I just subscribed and binged watch alot of your videos. Please keep making more amazing videos. I'm extremely impressed and grateful that I've found your channel. Thank you very much!
Hi Jacob ' you did a brilliant presentation ' however i'm a beginner and still confused.Although it's not my field specifically but i need to choose a short dsRNA sequence of 20 or 27' 28 nucleotide sequence for application in plant but i am not familiar the specificity of the sequence if we had a genome like choloroplast genome and split that sequence into primers can we choose the shortest sequence ? Wether it will work or not??
Hi Jacob, thank you so much for this video. It’s really helped my work and I appreciate your time in sharing! I have a couple of questions if you could answer them please I’d appreciate it 1. What is the vector to oligo ratio that you use for annealing and 2. how much ATP do you use?
Hi, first of all its a very helpful video. Could you please explain why did you consider only 1500 bp while adding the sequence range in Eukaryotic Promoter Database?
Hi. Do you have any information on the database for Transcription factors for Filamentous fungi such as Trichoderma, and Aspergillus as PROMO doesn't contain these species?
Thank you for the informative video. My question is about ScRNA to which Cas9 binds. gRNA along the ScRNA sequence should be cloned in the vector, right ?
Flibe! Elysium was cyber attacked by UK into bankruptcy and Sale. Just like Rudy Giuliani and other Thorium players Norway. 🇳🇴 My neighbor , who died while I was blacklisted. This science safety excavation matches your Uranium 0.05% burn ratio without the Liquid Flouride Thermal Reactions. Basic Training-USA military does not cyber protect civilians! I’m case in point! #KING #POW18.04.2567.001 #HHVV #VVHH
Everyone who learned from this video should always be awared, especially those who are designing experiments related to DNA, genome or chromatin... NOT ALL the transcription start sites are in the first exon of the gene and also MOST of the genes contain intron in DNA level...

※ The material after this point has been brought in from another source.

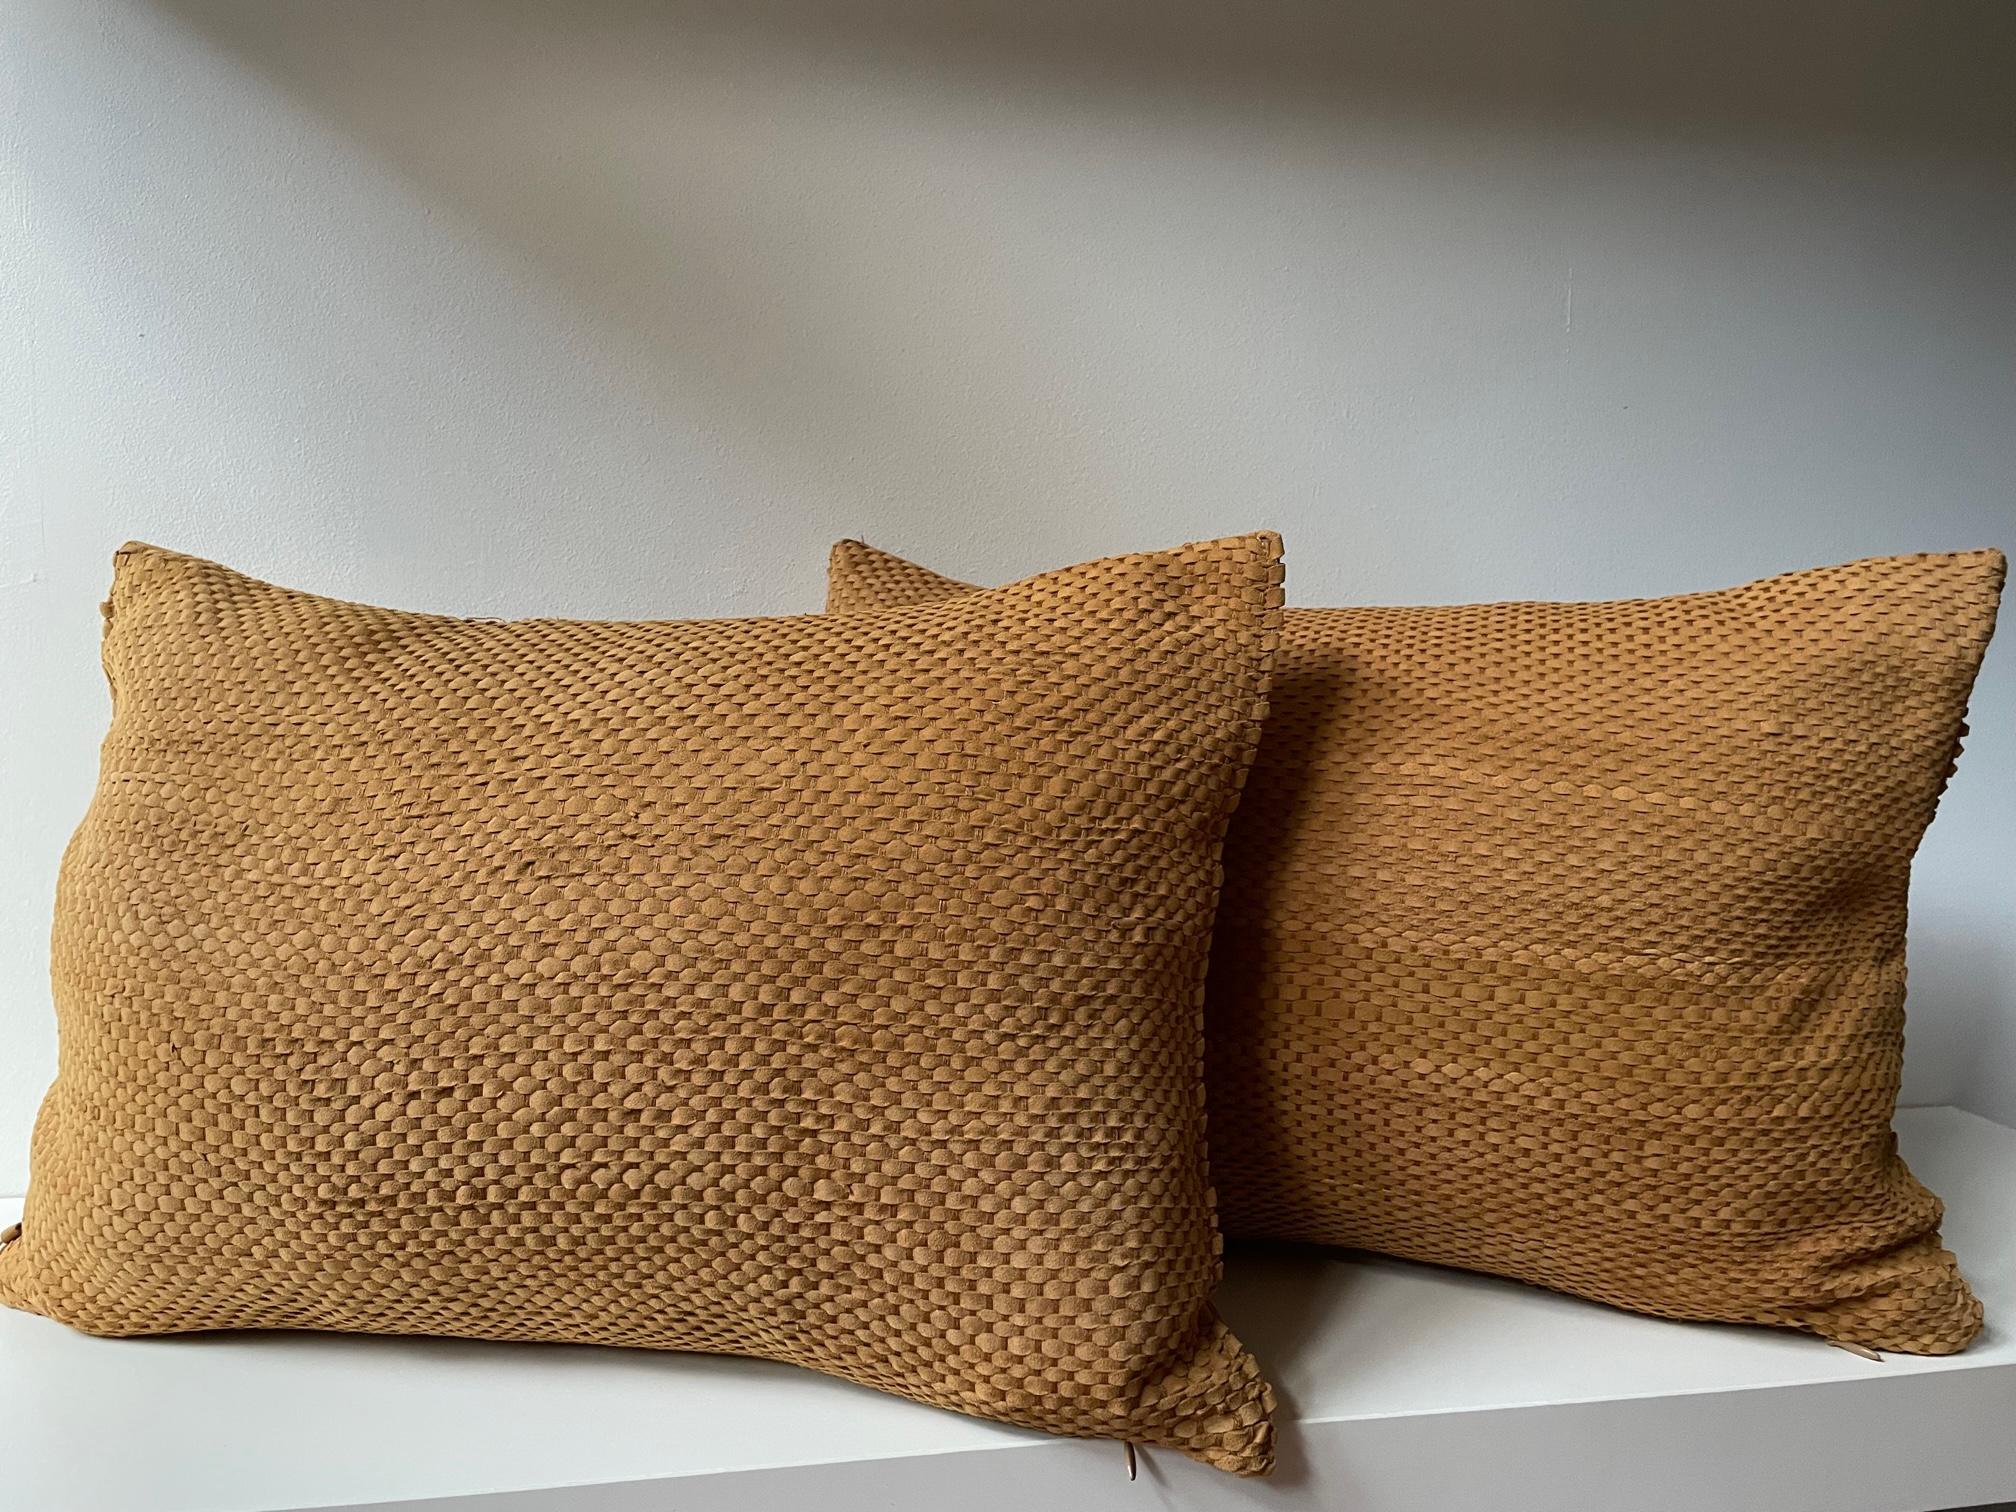 1 Pair hand woven suede cushion colour ginger, back side with suede, cushion size: 30 x 45 cm, silk lining, inner pad with new feathers.

Great video🙌🙌 I have one question? l am interested in mutating a PTM site of the proteins. In that regard can we use CRISPR to change a particular base in DNA such that the gene expression is not affected but that codon now encodes different amino acid. That new change should not effect protein structure and function Is this even possible?
This video has been a life-changer for me. I think every view of this video resulted in a scientific paper. You deserve credit for each one of them. This is a prime example of how science grow. Thankyou.
Thanks again for this super duper video I have an inquiry please In 6:43, you said that Cas9 is pretty faithful but it can mistakes so its best if you only use gRNAs that have at least 3 mismatches and in 16:30, you said its better to have a gRNA with no off targets and zero mismatches, its important that MM0 be zero as if this number greater than zero, the gRNA will cut my target gene and some other place in 16:50, you said that its very difficult to find a gRNA that has zero off targets with 3 mismatches I did not understand this part, sorry if its clear and I didn't get it, but I found myself confused
Thank you very much! I would appreciate if you might add a comment on how to proceed if for my gene of interest I see - strand in the EPD? Should I invert the sequence to get the correct promoter?
Thank you so much. The way you explain by breaking everything down makes it so easy to understand. I hope you make more videos like this. Also, your way of articulation and slides are amazing and never bores me out.